The conversation progressed to them agreeing, though, that the unvaccinated were filling-up the hospitals and it’s their own fault, as they have been offered the vaccine. At that point I was getting up to politely join the conversation but my eldest pleaded for me to stay seated: it’s really embarrassing, dad! It really did take every ounce of strength to not speak to those people but it was my one day off with my family and I didn’t want to rock the boat so, just this once, I thought. I remained seated and continued on with the meal.
The data
Later that evening I looked at the latest data from England, that is regularly published and comprehensive. Its results are alarming and I will cover them in a moment. Particularly alarming when you contrast them with the latest government initiative that I was alerted to at breakfast the next day.
'I am all in favour of free choice but there comes a point when you cannot lock up 90 per cent of the country who are vaccinated for the ten per cent who refuse to be.'
The situation is so bad in the UK, apparently, that vaccinators must go to people’s doors hunting those that are to blame: the unvaccinated. And get them to take the shot.
…But if there is any blame, who exactly deserves it?
The unvaccinated are not filling-up the hospitals
England publishes relatively raw data on Covid-19 but comes to conclusions that don’t add up. So I wanted to analyse what really is going on in England with Covid-19
I started by plotting the data from England regarding hospitalisation associated with Covid-19 cases. *
*Of course, we know that means being positive for Sars-Cov-2 on a test entering hospital regardless of why you are there.
Figure 1. Covid-19 case hospitalisation in England by vaccination status
Fig. 1 A graph of Covid-19 cases hospitalised in England by vaccination status. There really is very little between vaccinated and unvaccinated numbers.
Data source. COVID-19 vaccine surveillance report Week 51.
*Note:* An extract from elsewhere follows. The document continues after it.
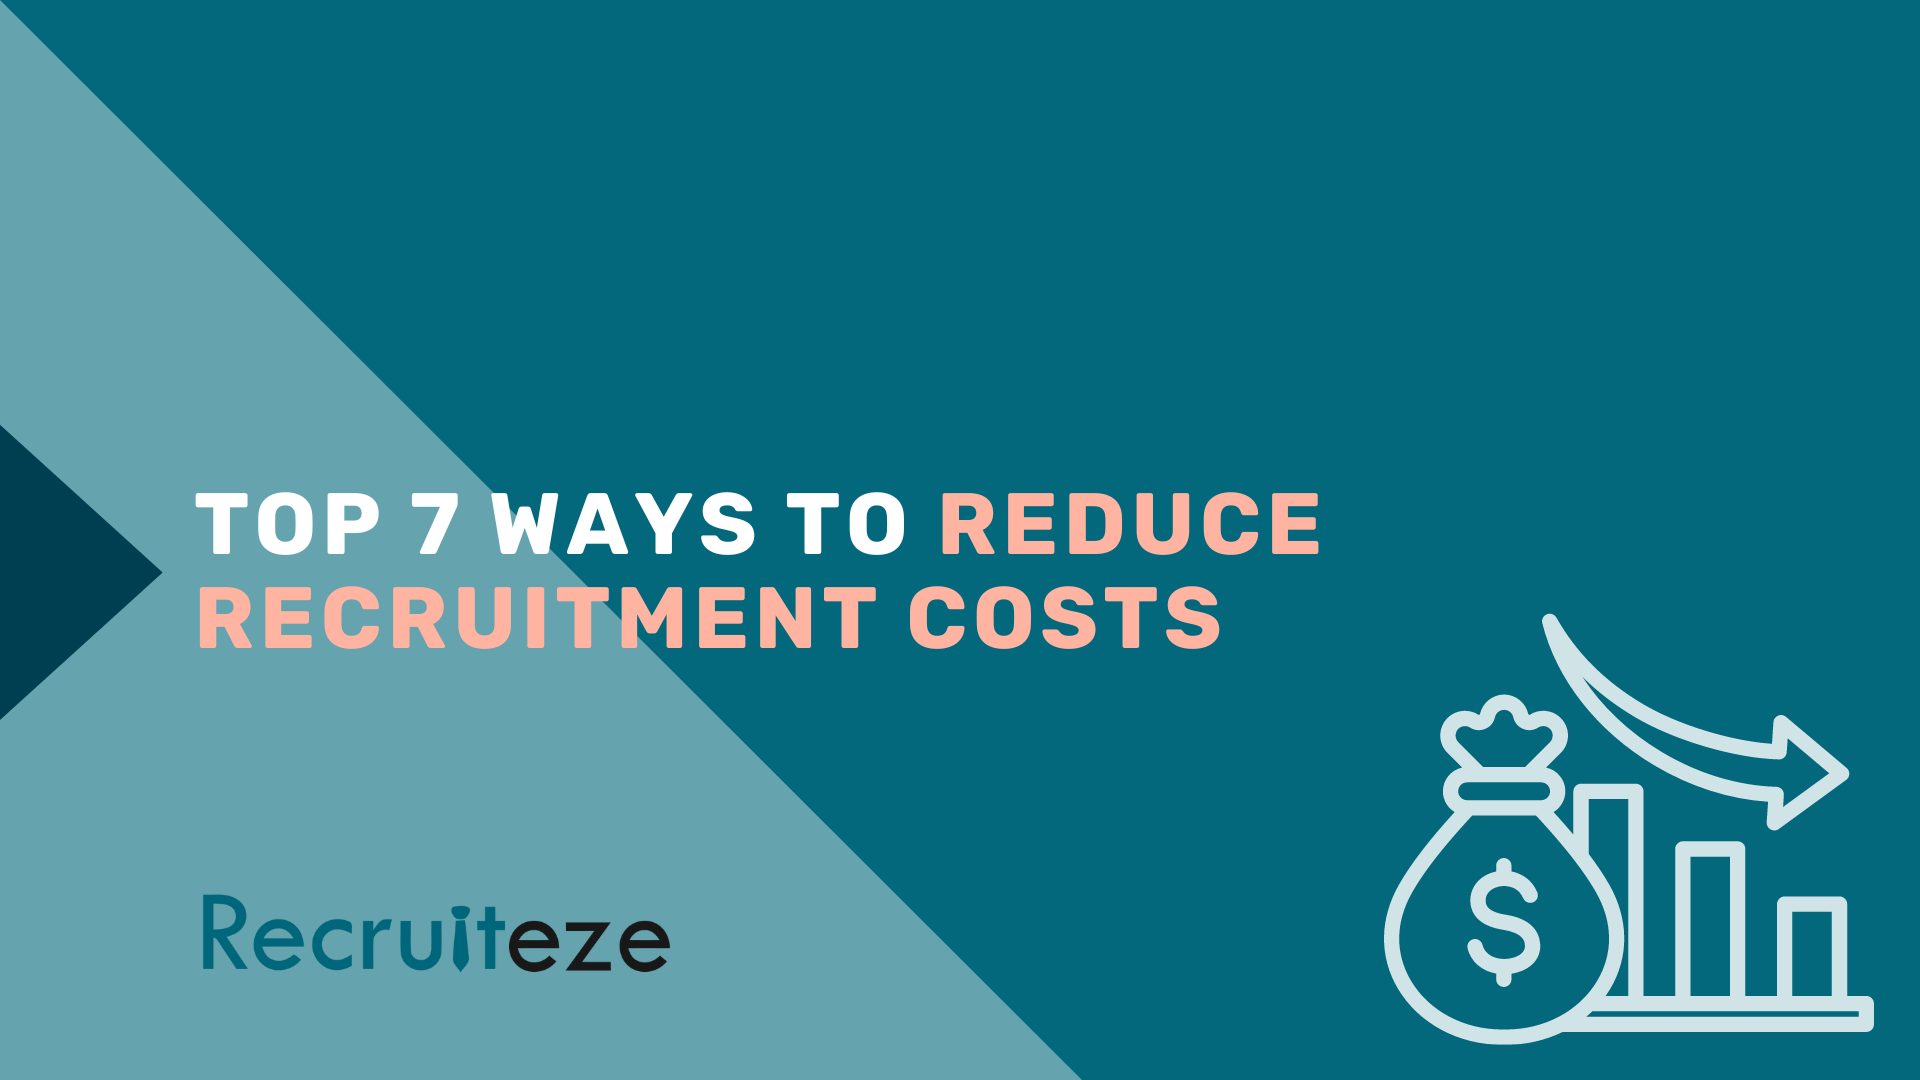 Top 7 Ways To Reduce Recruitment Costs

The graph (fig. 1) clearly shows that, contrary to the claims being made in the media and repeated in conversations across the UK, that the unvaccinated are not filling-up the hospitals. Both vaccinated and unvaccinated are represented in pretty much equal measure.
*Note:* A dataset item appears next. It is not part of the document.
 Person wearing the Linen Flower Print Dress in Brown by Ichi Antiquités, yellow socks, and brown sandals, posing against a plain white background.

One of the criticisms of data such as that above is well there are more vaccinated so there should be a lot of vaccinated people in hospital and less unvaccinated, therefore, the unvaccinated seem to be over represented in hospital. In real terms, that doesn’t change the fact that the unvaccinated certainly are not filling-up the hospitals but let’s take that criticism into account.
The real hospitalisation data
To get an accurate picture of covid-19 cases in hospital and remove the bias of large numbers of the population now being vaccinated, we can allow for those population numbers.
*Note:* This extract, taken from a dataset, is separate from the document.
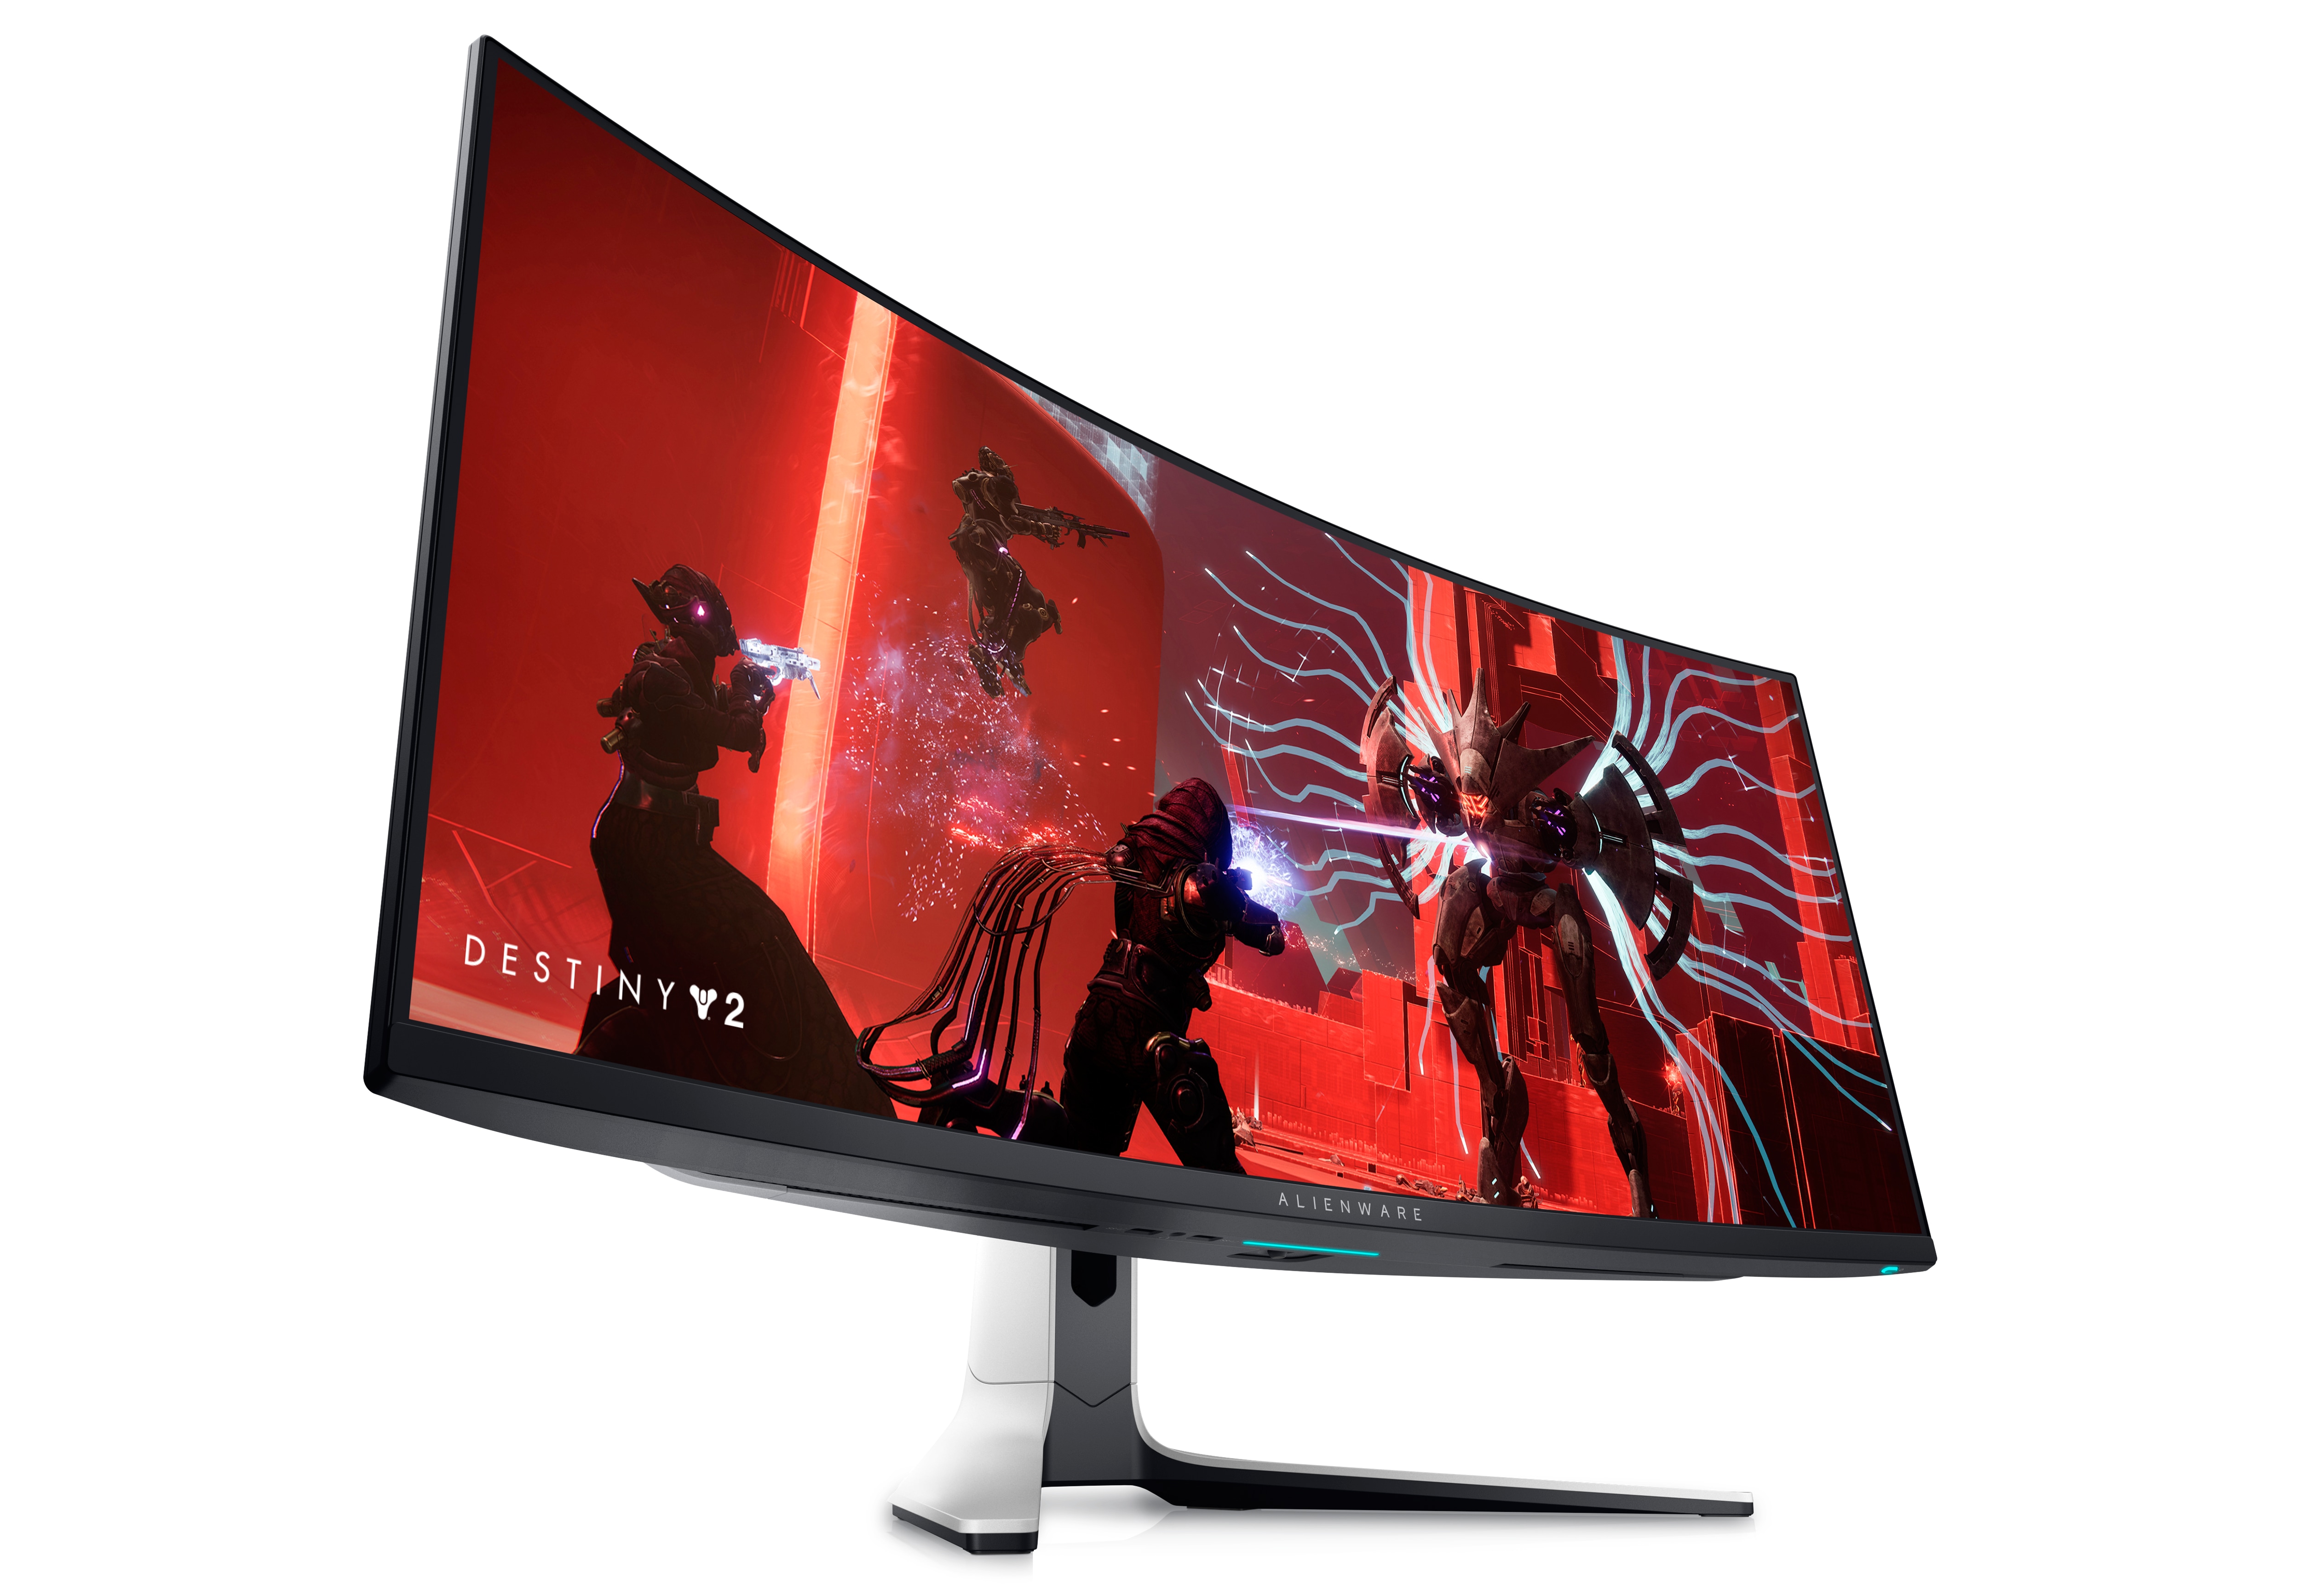 Picture of a Dell Alienware AW3423DW Monitor with a Destiny 2 game image on the screen

First, I calculated the actual risk reduction between the two groups vaccinated & unvaccinated. I used age-stratified population data showing just how many people have or have not been vaccinated in each age-group and used that with the hospitalisation data to calculate an accurate hospitalisation risk reduction.
Then, once the absolute risk reduction (ARR) for each age group is known, it is clearer to see the net benefit or loss from being vaccinated.
The numbers show no difference in hospitalisation
By calculating the ARR, it is apparent that the risk differences for vaccinated compared to unvaccinated by age-groups for hospitalisation range from 1/100th of one percent at its lowest, to just under a quarter of one percent at its highest.
So, effectively, even after removing any potential skew in the data due to large numbers being vaccinated, the real risk of being hospitalised for Covid-19 in England is the same for the vaccinated & unvaccinated. And by the way, the data are being grossly misrepresented in the conclusions of government reports, fueling fear and mistrust. So let’s resolve that.
Figure 2. Gross misrepresentation of England’s hospitalisation data
Fig. 2 Rates of hospitalisation by age group from UKHSA grossly misrepresents actual hospitalisation data.
Figure 3. Risk of vaccinated being hospitalised in England compared to the unvaccinated.
Fig. 3 Each bar represents the potential risk of hospitalisation with Covid-19, per age group. Anything lower than 100(%) would indicate a lower risk; or above 100(%), a greater risk. 100(%) indicates that the group has 100% of the potential risk of hospitalisation. The chart clearly demonstrates that the vaccinated have no reduction in potential risk of hospitalisation compared to the unvaccinated.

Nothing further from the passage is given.